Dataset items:
- Opening Delimiter -
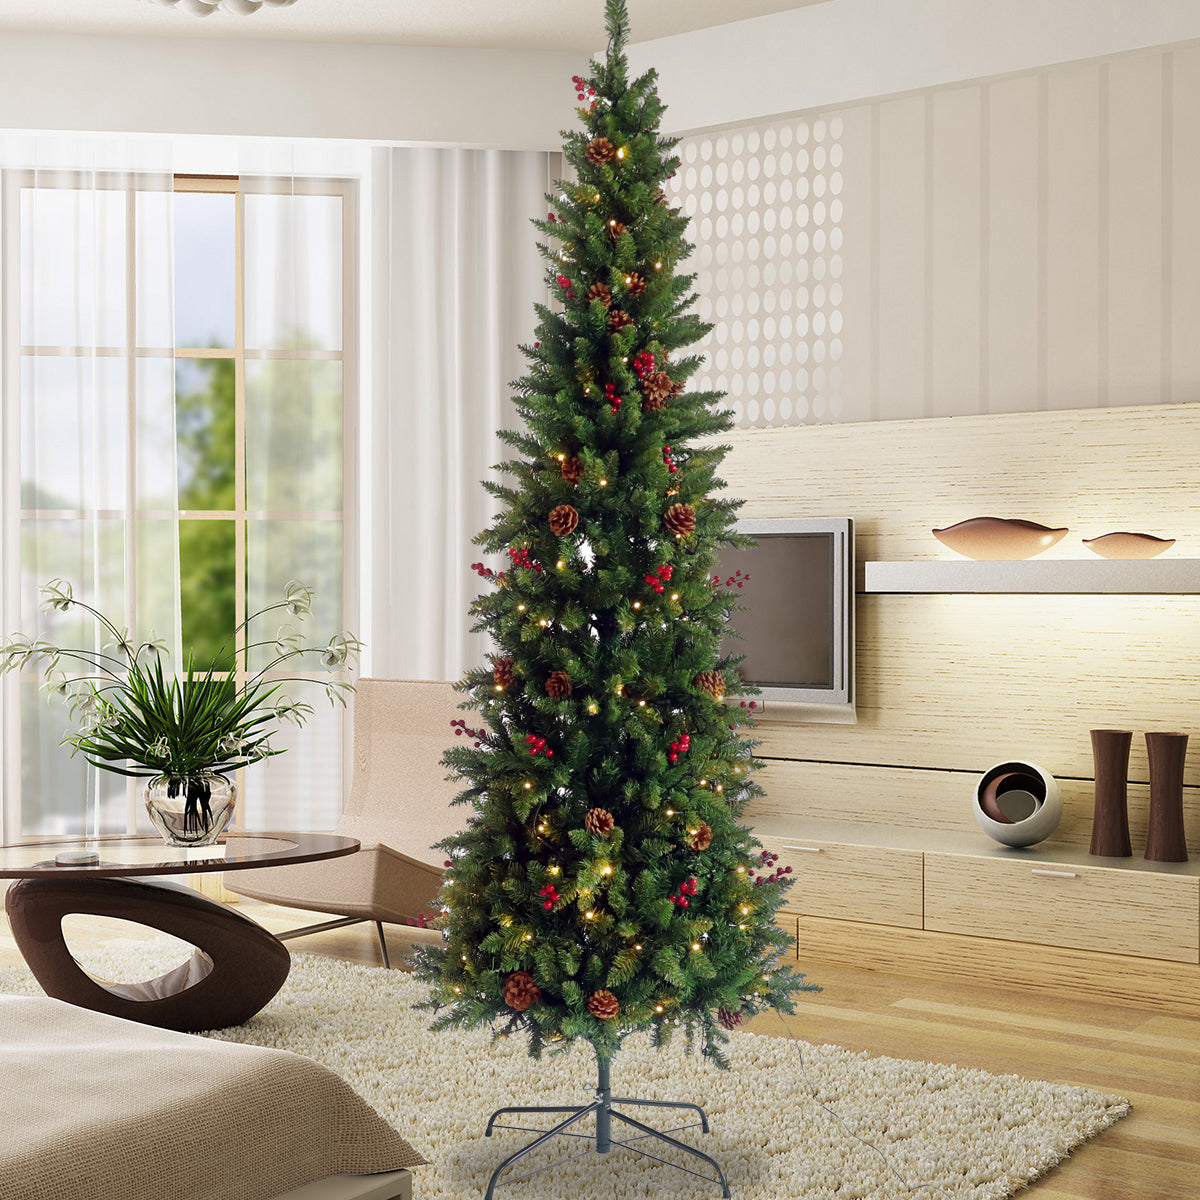 Slim Christmas Tree
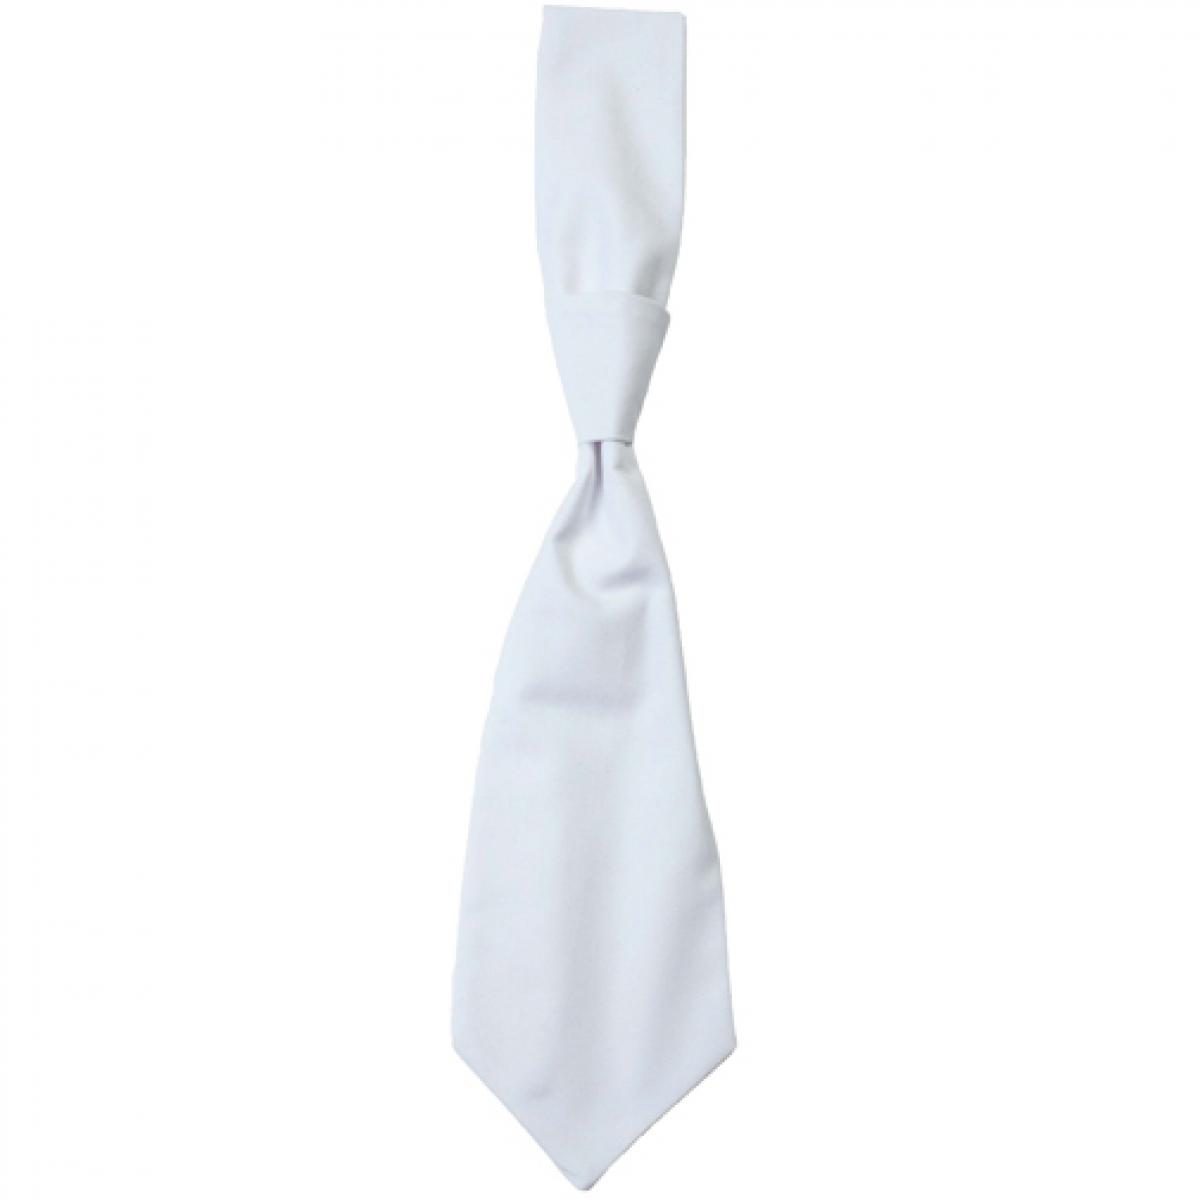 Hersteller: CG Workwear Herstellernummer: 01360-01 Artikelbezeichnung: Krawatte Messina / Zertifiziert nach Oeko-Tex 100 Farbe: White
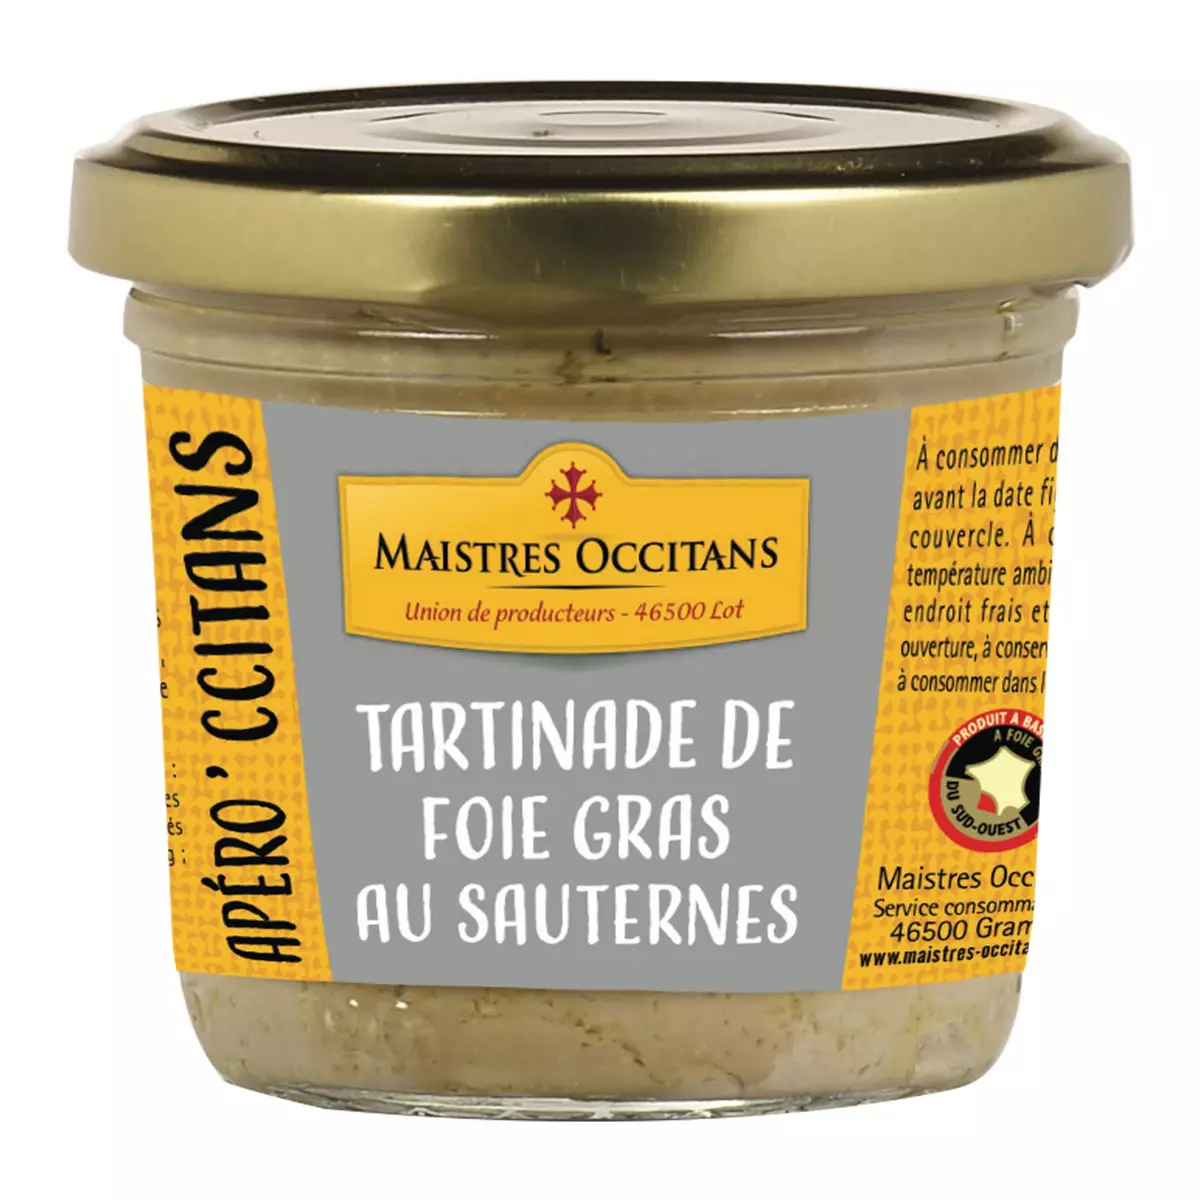 MAISTRES OCCITANS Foie gras de canard Sud-Ouest au Sauternes 90g
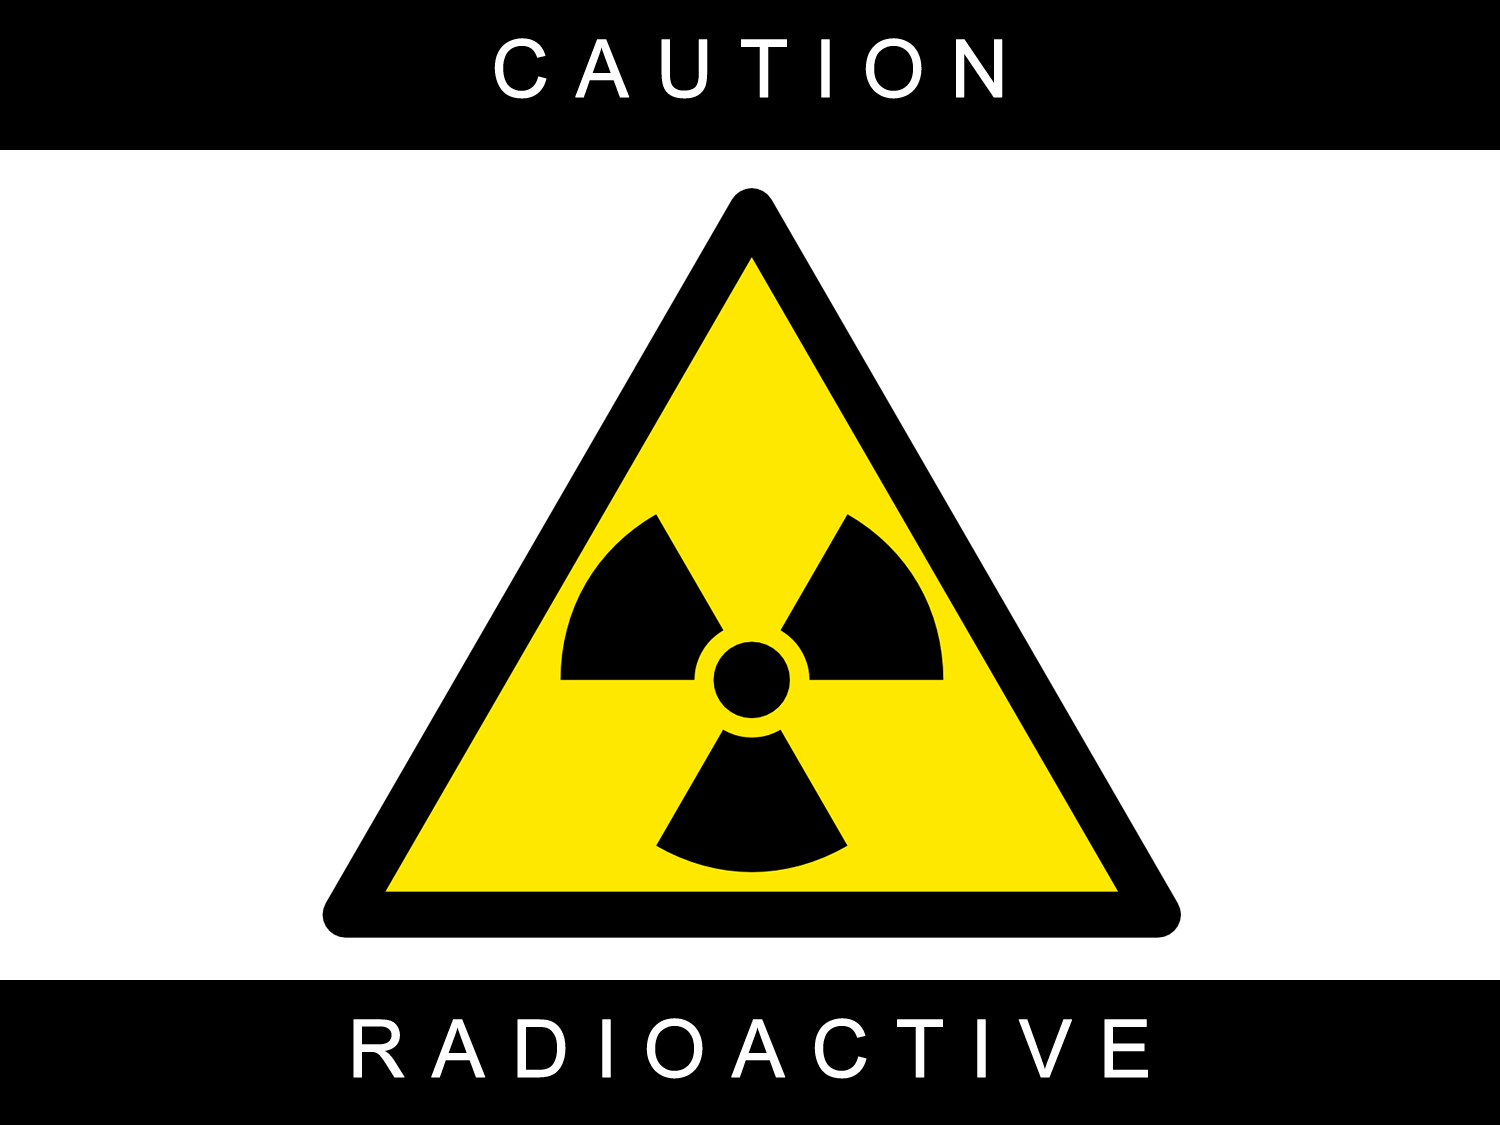 La guerra e il rischio radiazioni. Una psicosi ingiustificata
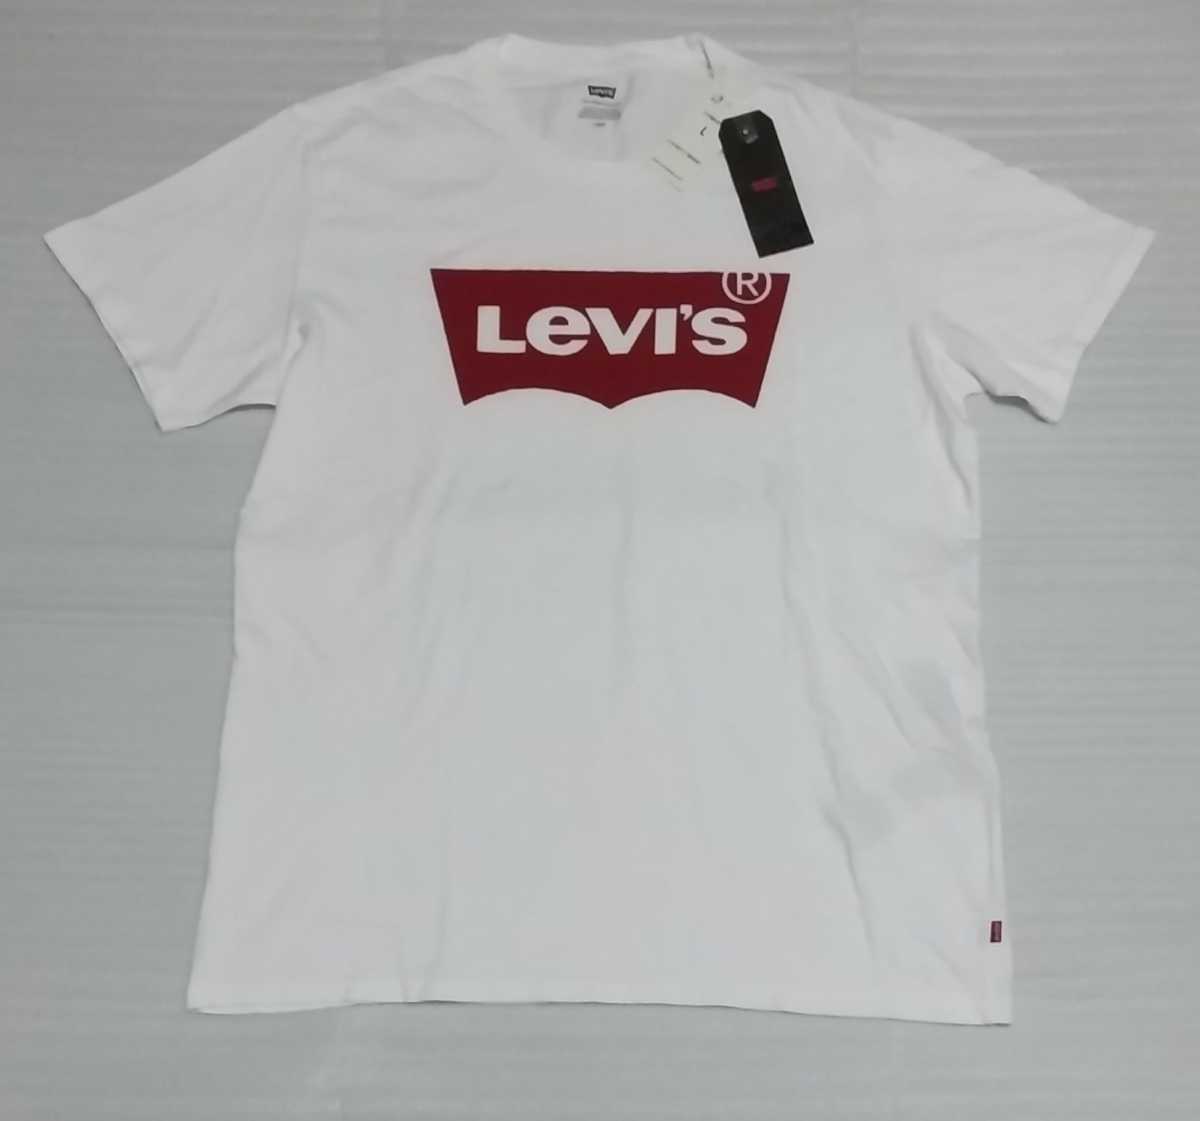 未使用 LEVI'S LEVIS リーバイス半袖バットウイング ロゴTシャツ トップス ティー ホワイト白レッド赤メンズ サイズL ジャパンXL 177830140_※未使用品です。大きな汚れ等はありません
- Closing Delimiter -
- Description of the task -
Repeat each line above exactly. The pictures stay out.

- Solution for this problem -
 Slim Christmas Tree
 Hersteller: CG Workwear Herstellernummer: 01360-01 Artikelbezeichnung: Krawatte Messina / Zertifiziert nach Oeko-Tex 100 Farbe: White
 MAISTRES OCCITANS Foie gras de canard Sud-Ouest au Sauternes 90g
 La guerra e il rischio radiazioni. Una psicosi ingiustificata
 未使用 LEVI'S LEVIS リーバイス半袖バットウイング ロゴTシャツ トップス ティー ホワイト白レッド赤メンズ サイズL ジャパンXL 177830140_※未使用品です。大きな汚れ等はありません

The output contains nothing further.